第三次加载将数据缓存到内存中,用时较长;
第四次直接从内存中计算,用时最短,加载数据大小为:4.5KB,比第一次大了2倍,因为数据缓存的内存中需要进行序列化。
注意:第一次使用缓存并不会比不使用缓存快,应为需要将数据缓存到内存中,多花消一定的时间;如果内存中放不下索要缓存的数据,那么会将部分数据进行缓存。cache并不会产生新的RDD,只是标记了数据会放到内存中。
应用场景:处理的数据被反复使用。
清空缓存
cached.unpersist(true)
什么时候进行cache
1.要求的计算速度快
2.集群的资源要足够大
3.重要:cache的数据会反复的触发Action
4.先进行过滤,然后将缩小范围的数据再cache到内存。
val filtered = lines.filter(_.contains(“bigdata”))
val cached = filtered.cache()
val cached = reduced.cache()
def cache(): this.type = persist()
def persist(): this.type = persist(StorageLevel.MEMORY_ONLY) //缓存级别
persist()存储级别更为灵活。
缓存级别
//第一个参数表示:放到磁盘
//第二个参数表示:放到内存
//第三个参数表示:磁盘中的数据是否以Java对象保存。
//第四个参数表示:内存中的数据是否以Java对象保存(默认序列化机制保存)。
val NONE = new StorageLevel(false, false, false, false) //不缓存
val DISK_ONLY = new StorageLevel(true, false, false, false) //磁盘缓存
val DISK_ONLY_2 = new StorageLevel(true, false, false, false, 2) //磁盘缓存2份
val MEMORY_ONLY = new StorageLevel(false, true, false, true) //内存缓存
val MEMORY_ONLY_2 = new StorageLevel(false, true, false, true, 2) //内存缓存2份
val MEMORY_ONLY_SER = new StorageLevel(false, true, false, false) //内存缓存使用默认序列化机制
val MEMORY_ONLY_SER_2 = new StorageLevel(false, true, false, false, 2) //内存缓存使用默认序列化机制2份
val MEMORY_AND_DISK = new StorageLevel(true, true, false, true) //内存+磁盘
val MEMORY_AND_DISK_2 = new StorageLevel(true, true, false, true, 2) //内存+磁盘2份
val MEMORY_AND_DISK_SER = new StorageLevel(true, true, false, false) //内存+磁盘使用默认序列化机制
val MEMORY_AND_DISK_SER_2 = new StorageLevel(true, true, false, false, 2) //内存+磁盘使用默认序列化机制2份
val OFF_HEAP = new StorageLevel(true, true, true, false, 1) //堆外内存(Tachyon,分布式内存存储系统)
RDD做Checkpoint
作用:做一些复杂的逻辑计算为保证中间结果不丢失,将中间结果保存到分布式文件系统中。
什么时候做checkpoint
1.迭代计算,要求保证数据安全
2.对速度要求不高(跟cache到内存进行对比)
3.将中间结果保存到hdfs
chekpoint的制作方法:
1.设置checkpoint目录(分布式文件系统的目录hdfs目录)
sc.setCheckpointDir("hdfs://node1:9000/ck2019")
2.经过复杂进行,得到中间结果
val filtered = lines.filter(_.contains("bigdata"))
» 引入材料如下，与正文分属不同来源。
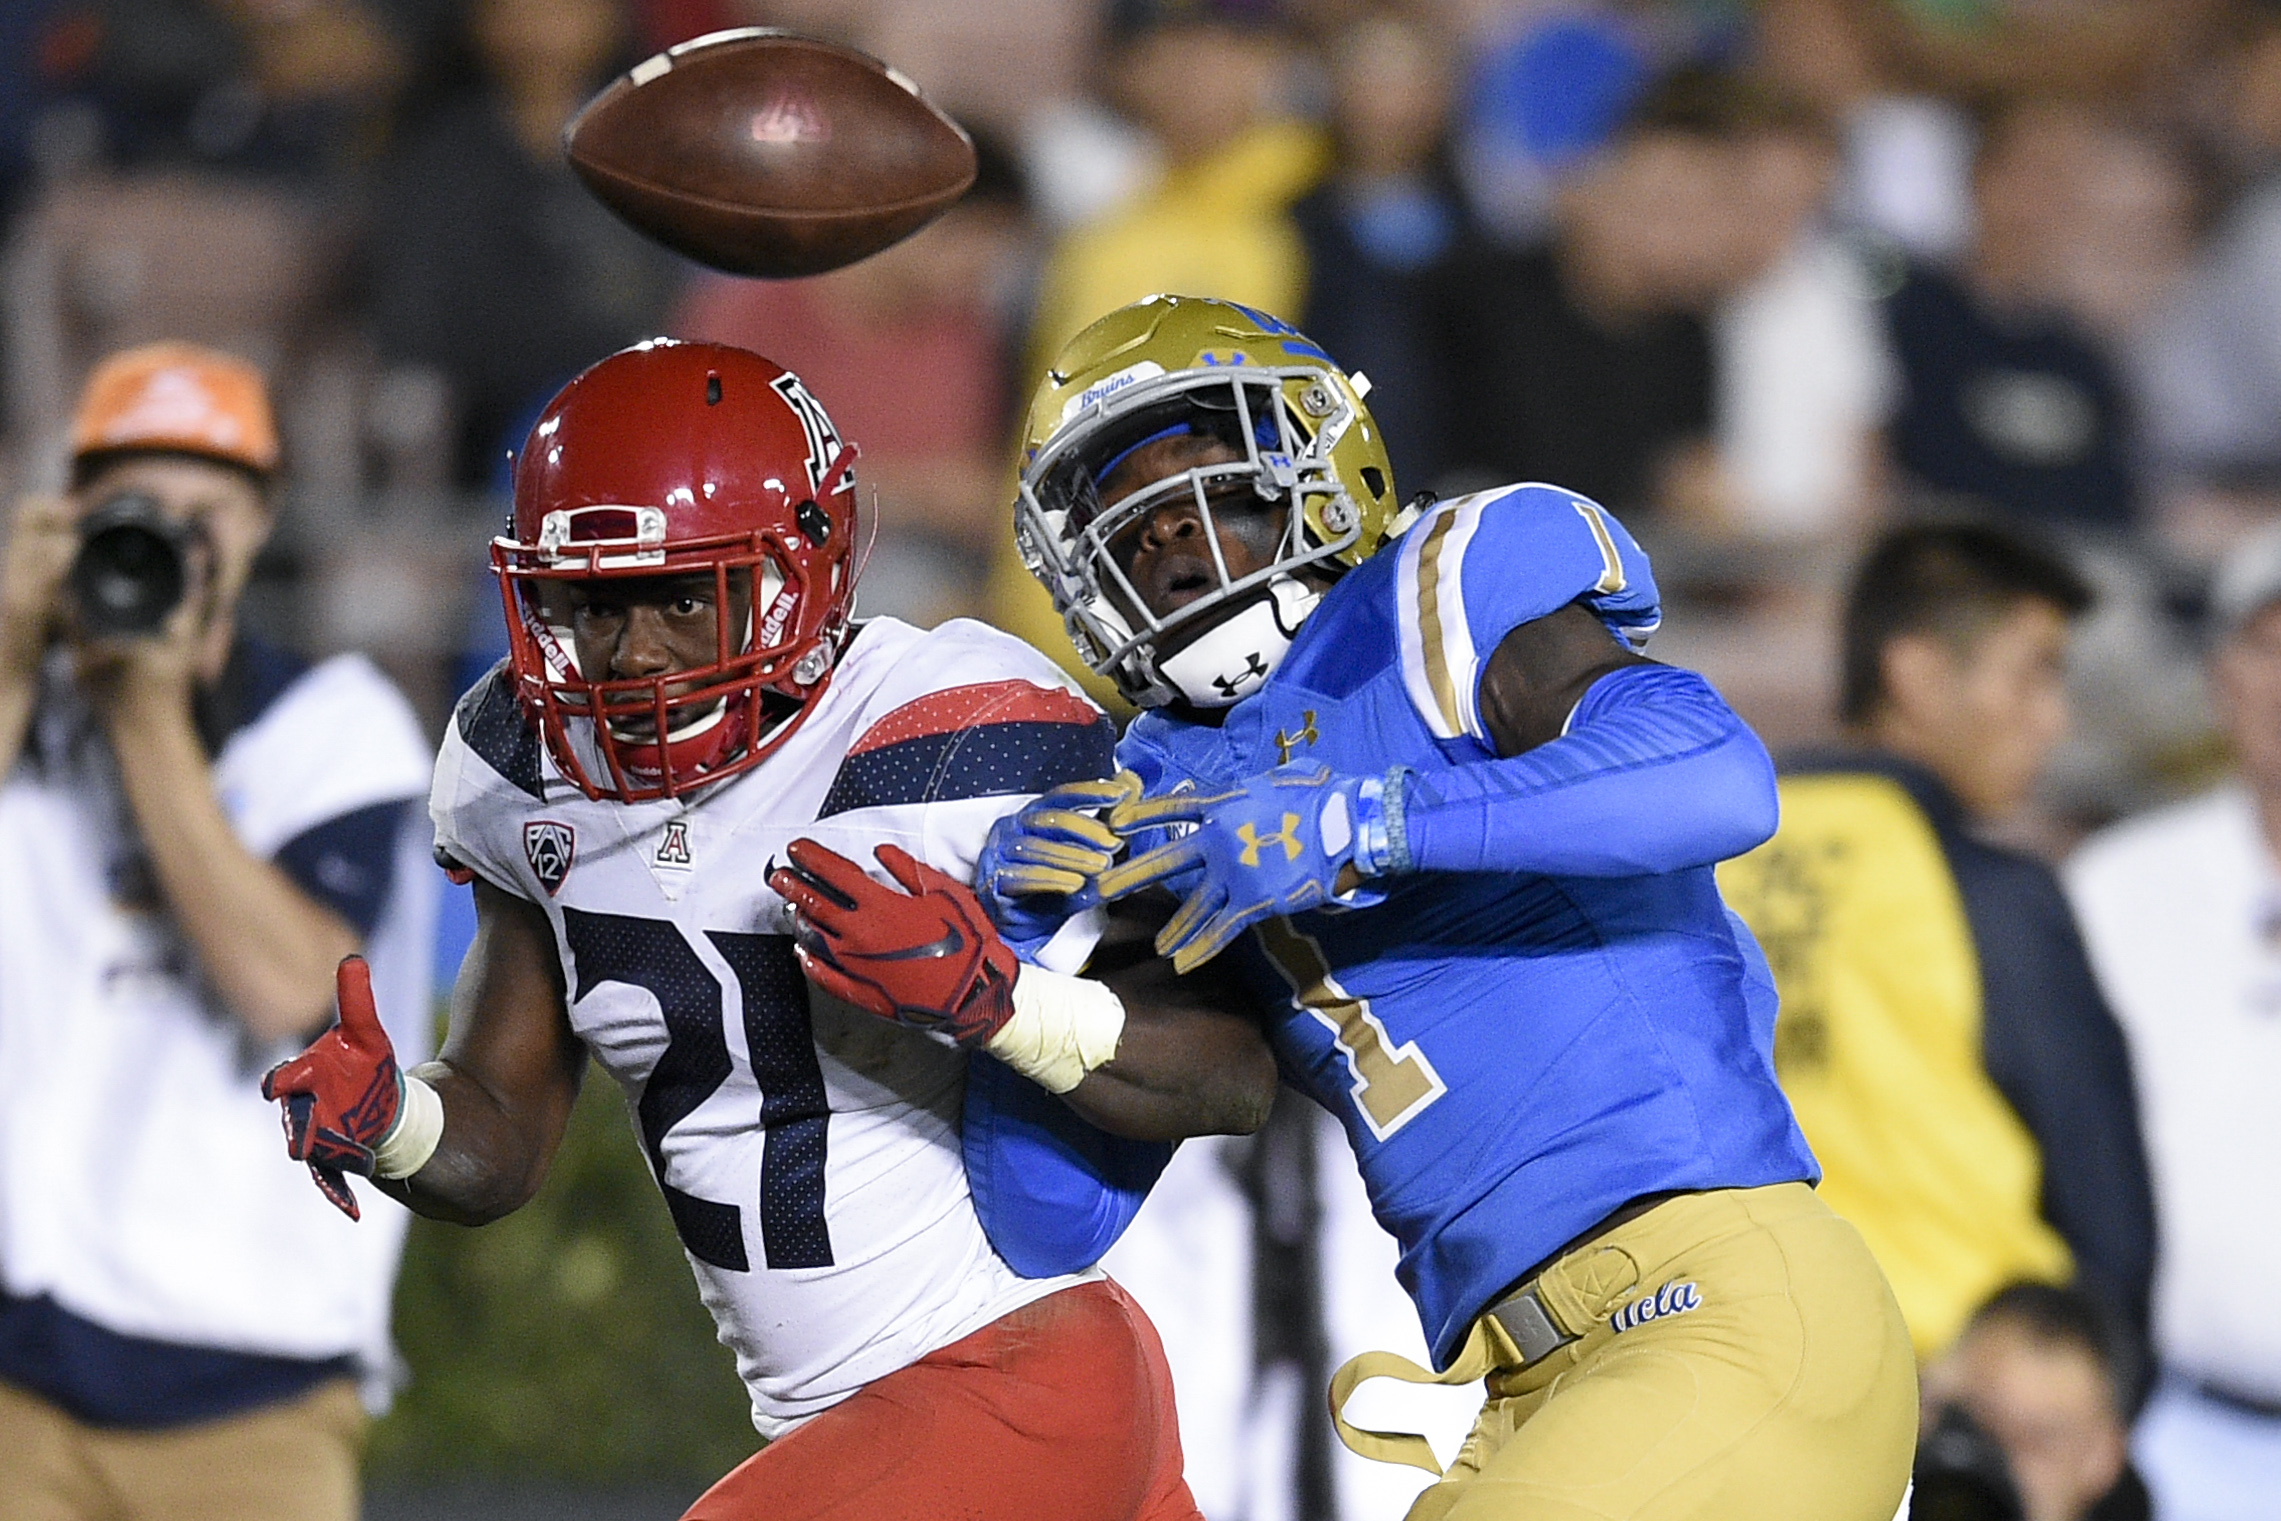 UCLA Bruins defensive back Darnay Holmes (1) knocks the ball away from Arizona Wildcats running back J.J. Taylor (21) for a fumble during the first half at Rose Bowl. 
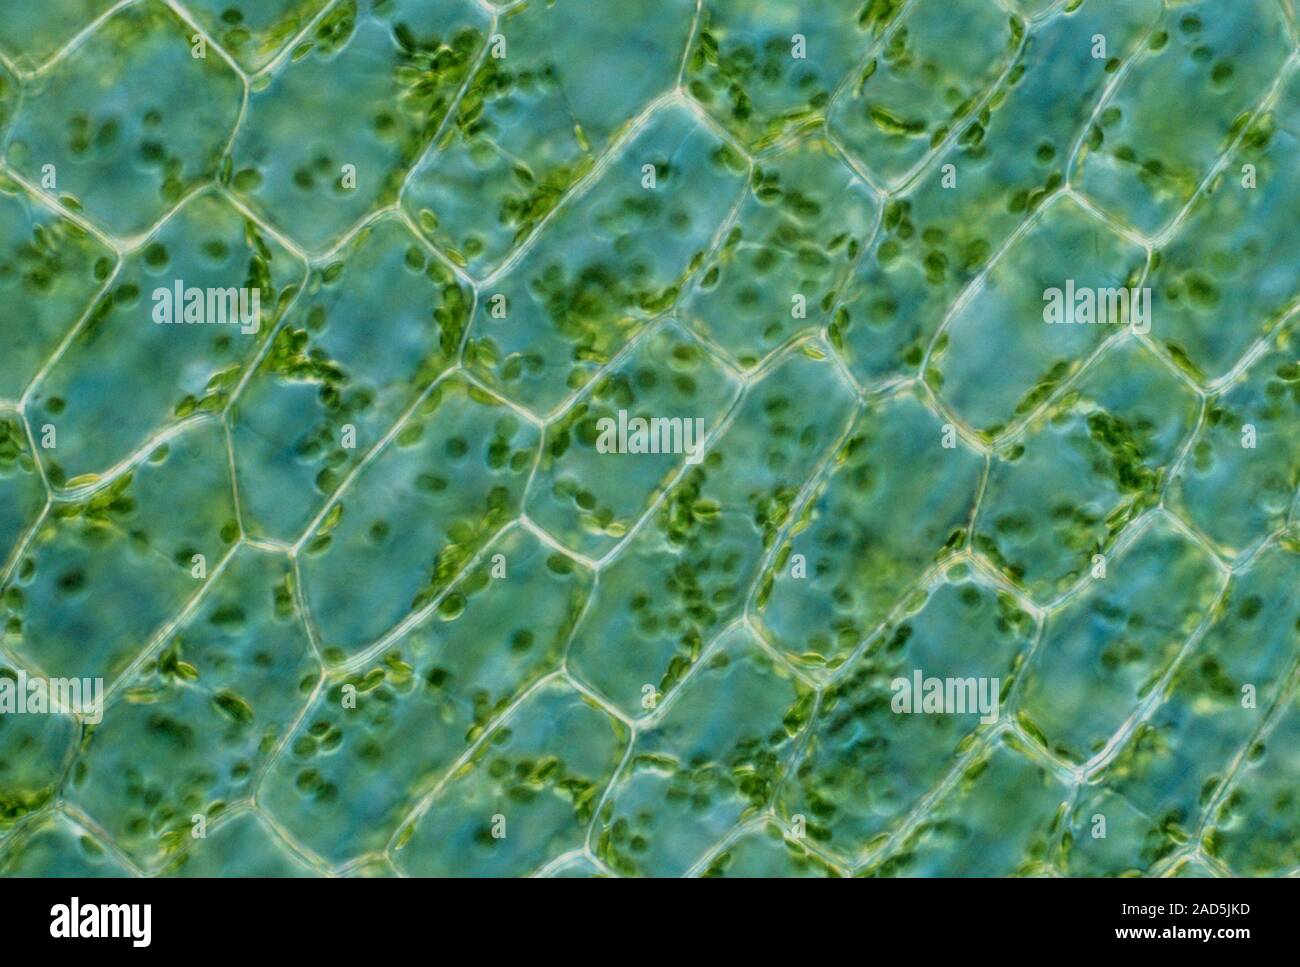 Light micrograph of a North American aquatic plant (Elodea canadensis) leaf cells containing chloroplasts. The tiny green discs within the cells are c Stock Photo

3.将中间结果checkpoint到指定的hdfs目录
filtered.checkpoint
4.后续计算,就可以使用前面ck的数据了
/hdfs dfs -ls /ck2019/....
广播变量
单机程序计算IP归属地
需求:根据访问日志的IP地址计算出用户的归属地,并且按照省份,计算出访问次数,然后将计算好的结果写入到MySql中。
1.整理数据,切分出IP字段,然后将IP地址转换成十进制,
2.加载规则,整理规则,取出有用的字段,然后将数据缓存到内存中(Executor)
3.将访问log与IP规则相匹配(二分法查找)
4.取出对应的省份名称,然后将其和一组合在一起
5.按省份名称进行聚合
6.将聚合后的数据写到Mysql中。
package day4
import scala.io.{BufferedSource, Source}
object TestIP {
//将IP地址转换成十进制
def ip2Long(ip: String): Long = {
val fragments = ip.split("[.]")
var ipNum = 0L
for(i <- 0 until fragments.length){
ipNum = fragments(i).toLong | ipNum << 8L
}
ipNum
}
//将规则读入内存中
def readRules(path: String): Array[(Long, Long, String)] = {
//读取IP规则
val bf: BufferedSource = Source.fromFile(path)
val lines: Iterator[String] = bf.getLines()
//对IP规则进行整理,放入内存中
val rules: Array[(Long, Long, String)] = lines.map(line => {
val fileds: Array[String] = line.split("[|]")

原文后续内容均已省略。